**Supplied data**
* * * * * * * * *
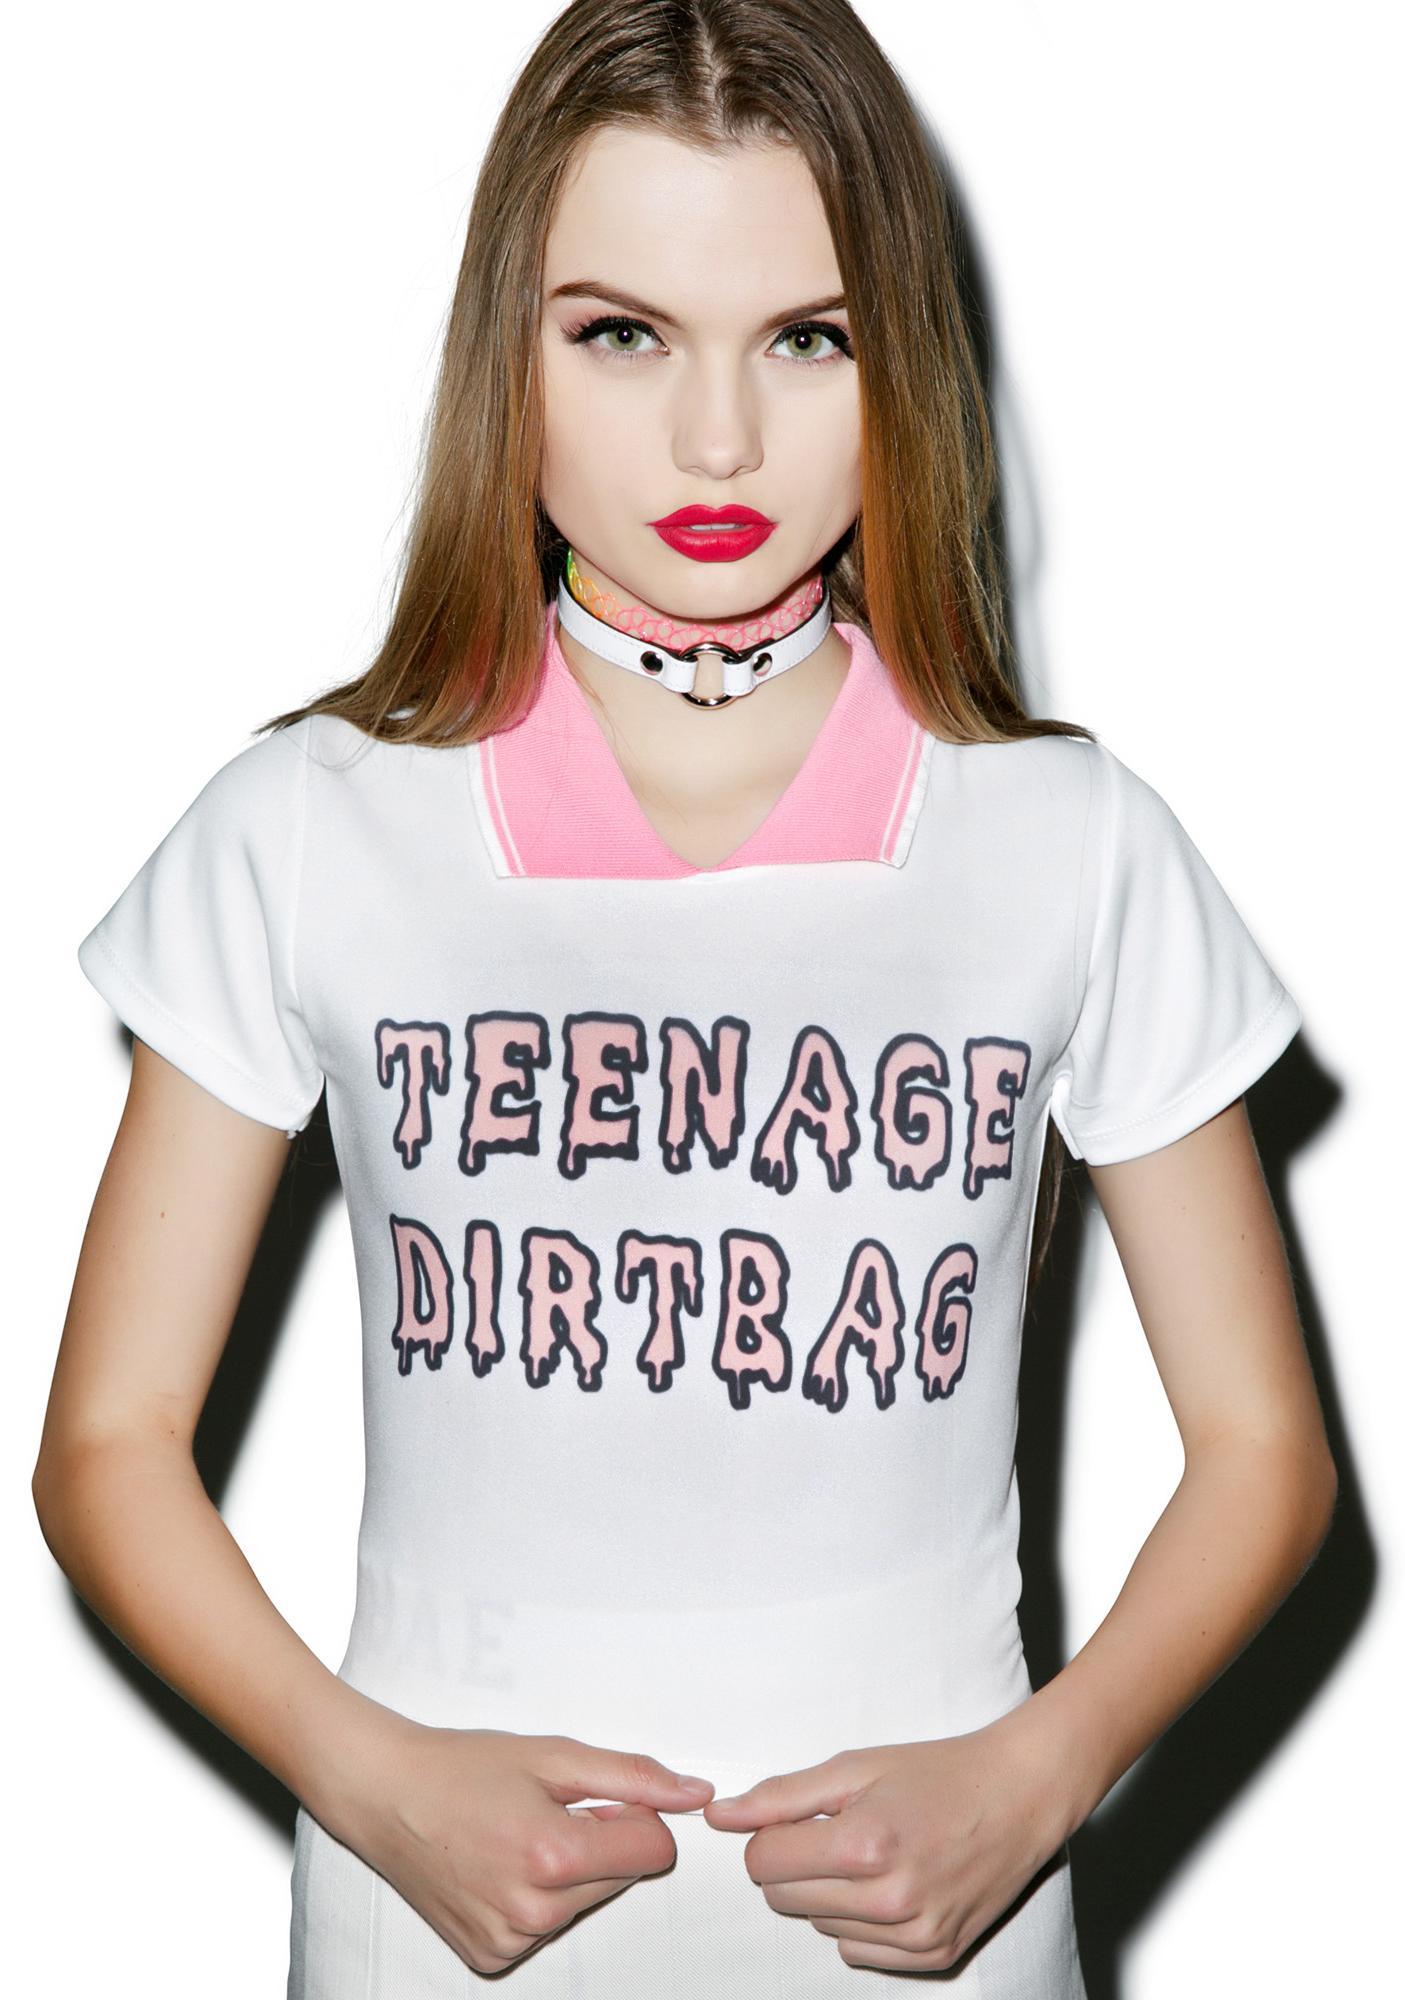 Teenage Dirtbag Polo Tee
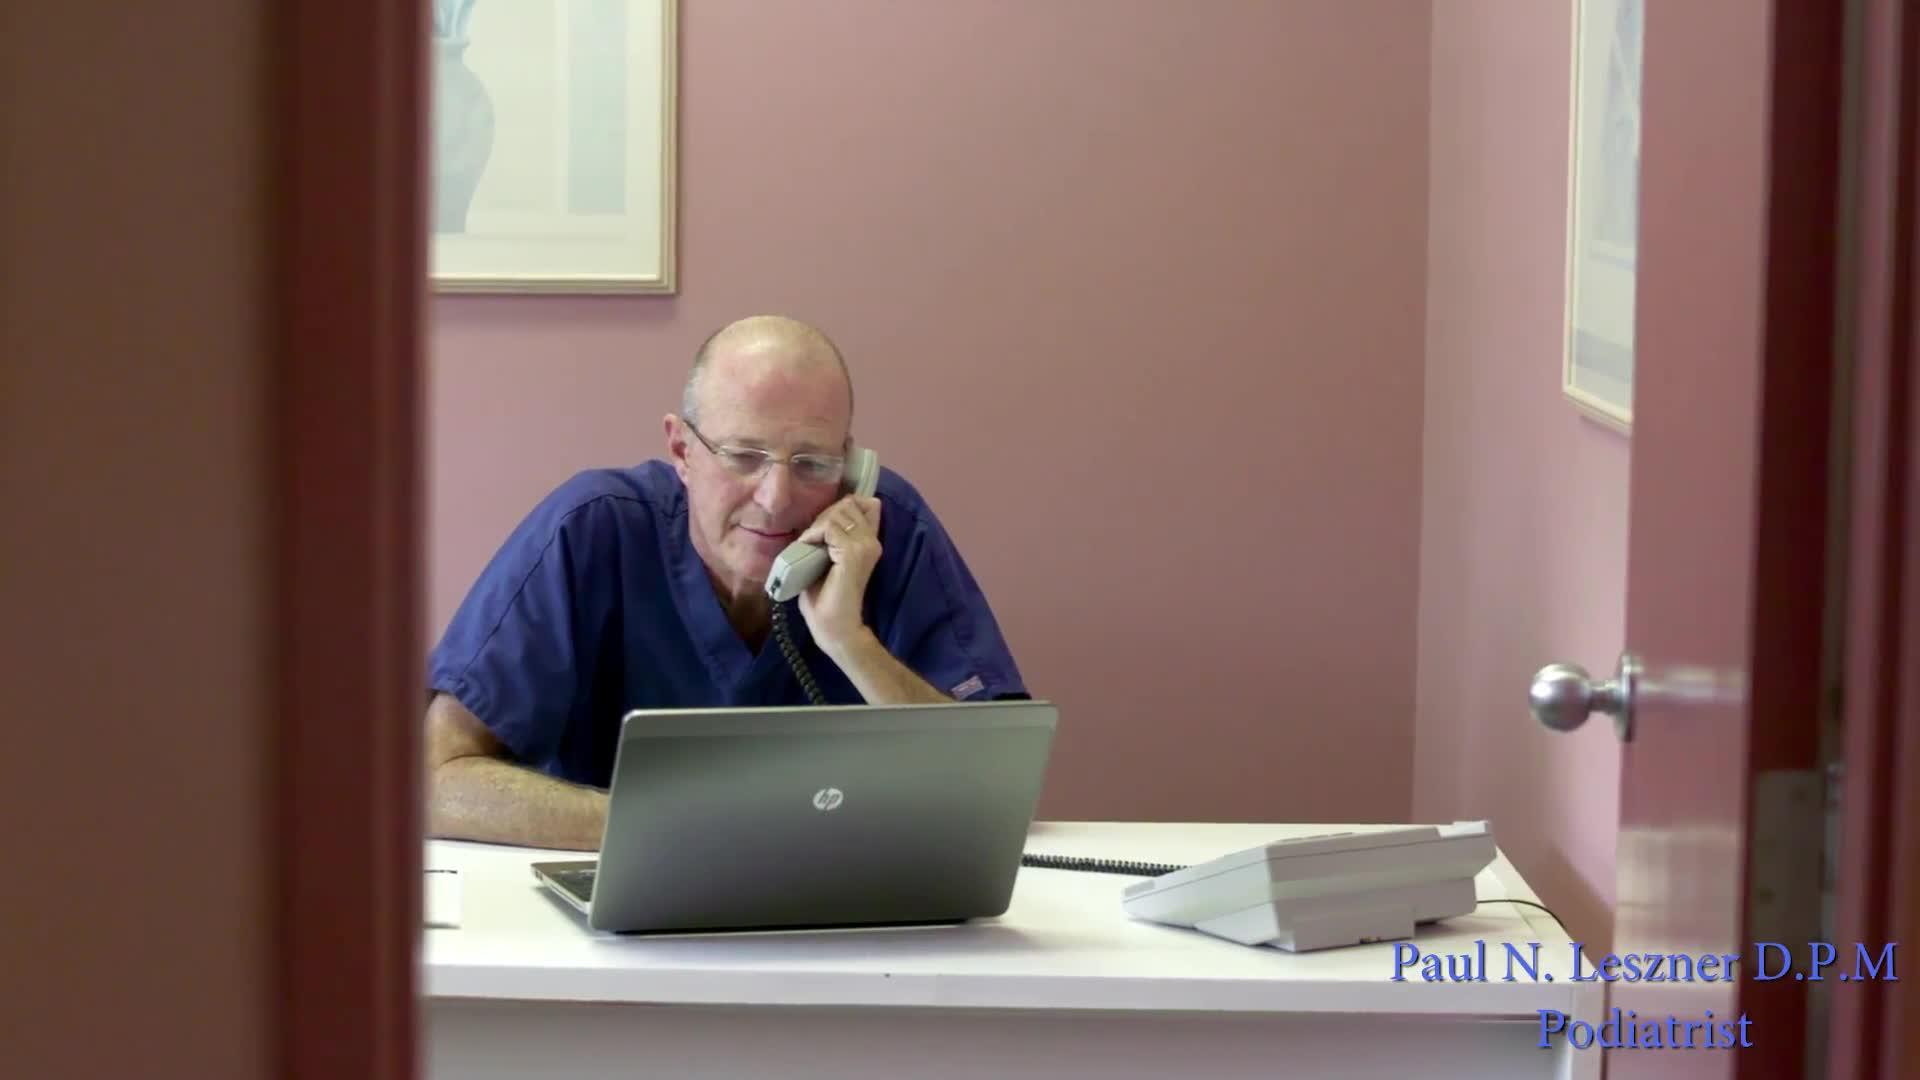 Leszner Paul N DPM - Podiatrists - 416-494-6354
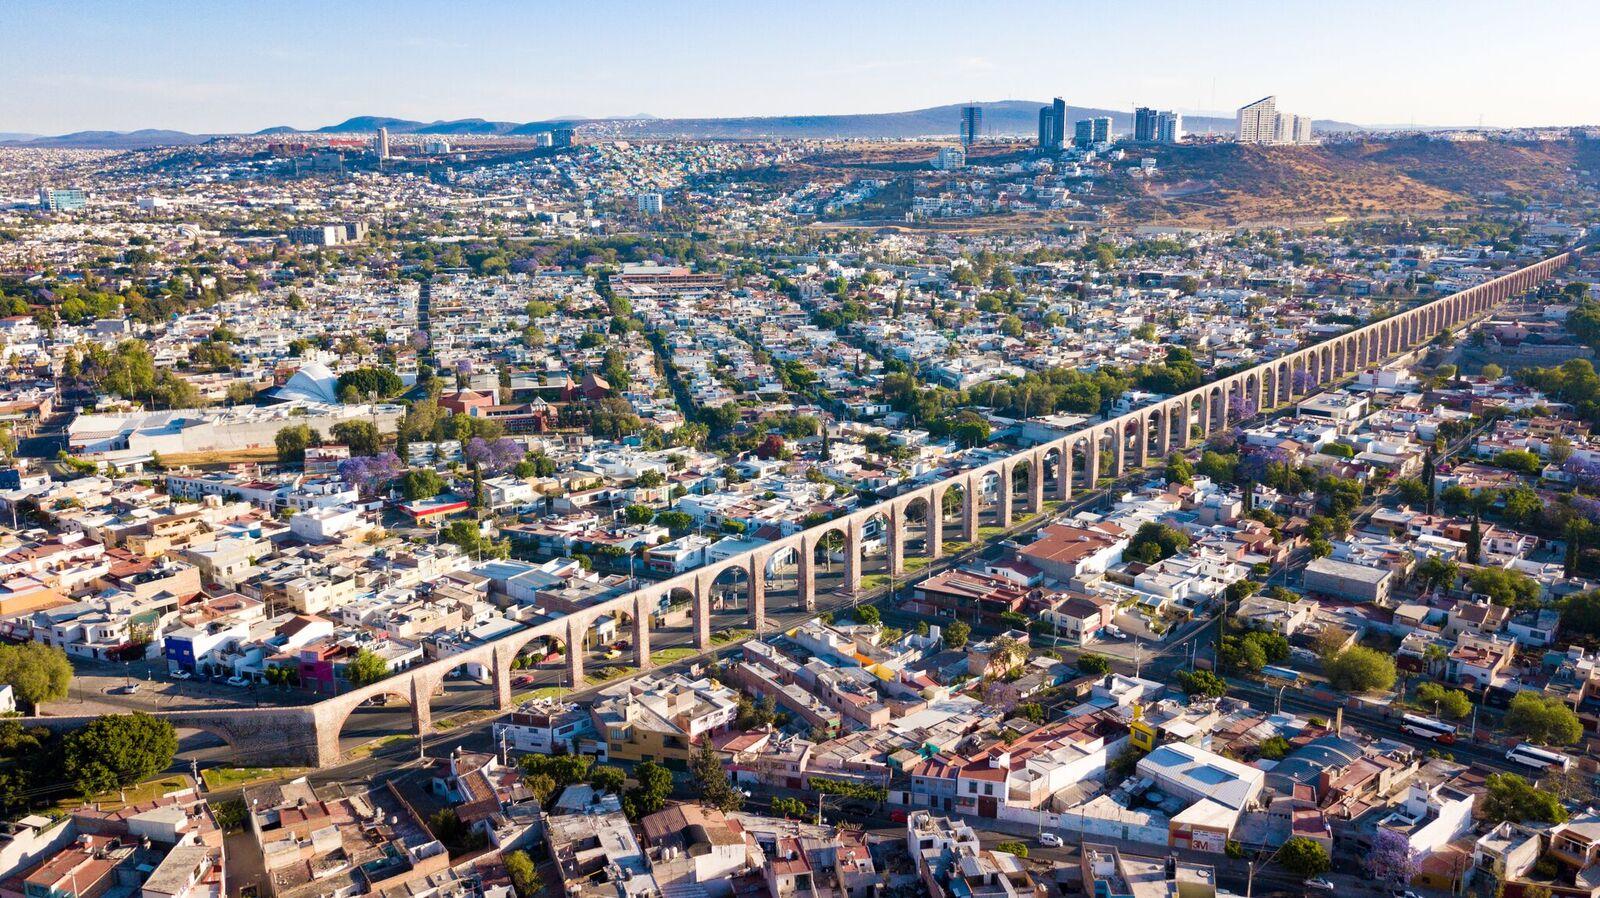 panorámica de la ciudad de Querétaro
* * * * * * * * *
**Directions**
Reprint the listing above verbatim but drop the images.

**Final answer**
 Teenage Dirtbag Polo Tee
 Leszner Paul N DPM - Podiatrists - 416-494-6354
 panorámica de la ciudad de Querétaro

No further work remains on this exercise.